Rafailidis Petros I, Kapaskelis Anastasios, Falagas Matthew E
Alfa Institute of Biomedical Sciences (AIBS), Athens, Greece.
Scand J Infect Dis. 2007;39(4):368-70. doi: 10.1080/00365540600978963.
We present the case of a 53-y-old patient who complained of fever, pain and oedema of the right knee and the right calf. Colour ultrasonography showed thrombosis of the tibial and peroneal veins, while paracentesis of the knee joint showed characteristics of an inflammatory exudate. Culture of the arthritic fluid revealed Streptococcus pyogenes.

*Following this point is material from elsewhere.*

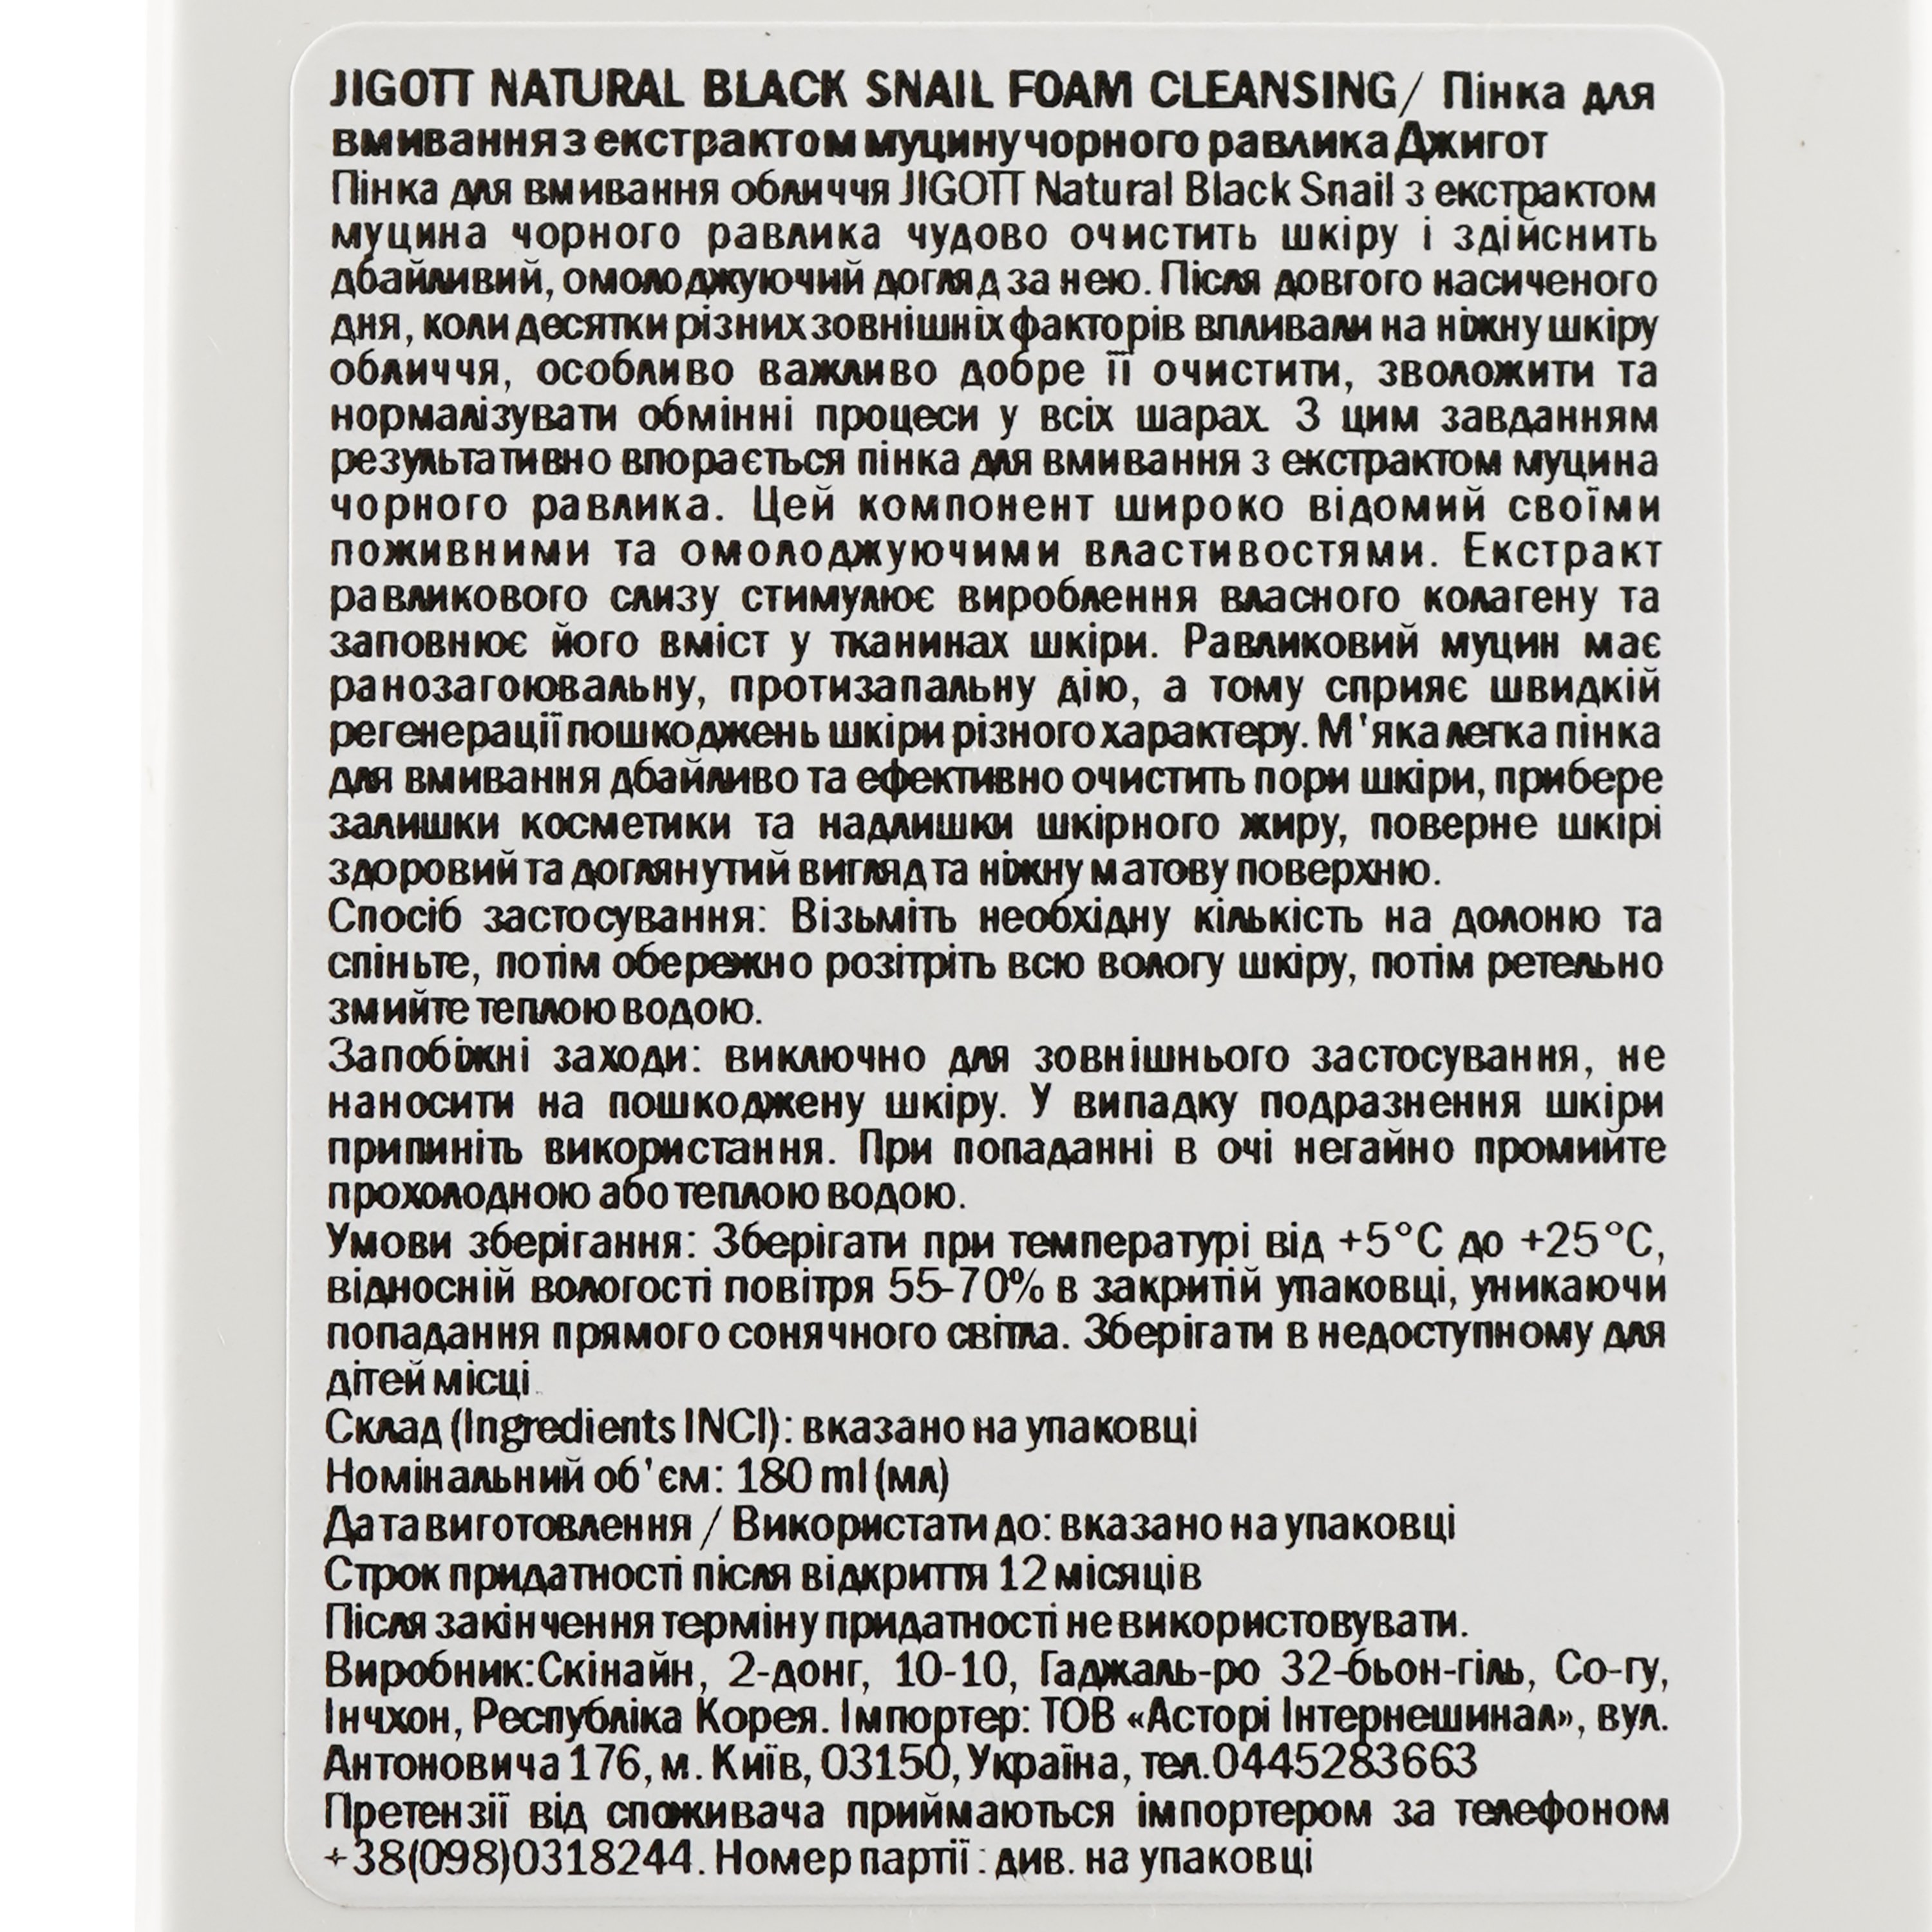 Пенка для умывания Jigott Natural Black SnaiL Foam Cleansing Муцин Улитки, 180 мл - фото 3

Thus, a diagnosis of a septic arthritis of the right knee in association with deep venous thrombosis of the right lower leg was established. From a review of the literature we found no other cases of septic arthritis in association with thrombosis of the adjacent vein. In conclusion, in cases of septic arthritis of a joint one has to consider ruling out thrombosis of the adjacent venous vessels, especially when oedema is not confined to the joint. Missing the diagnosis of such a complication will lead to increased morbidity and mortality.
我们报告一例53岁患者,其主诉右膝及右小腿发热、疼痛和水肿。彩色超声检查显示胫静脉和腓静脉血栓形成,而膝关节穿刺显示为炎性渗出液特征。关节液培养发现化脓性链球菌。因此,确诊为右膝化脓性关节炎合并右下肢深静脉血栓形成。通过文献回顾,我们未发现其他化脓性关节炎合并相邻静脉血栓形成的病例。总之,对于关节化脓性关节炎病例,必须考虑排除相邻静脉血管血栓形成,尤其是当水肿不限于关节时。漏诊这种并发症将导致发病率和死亡率增加。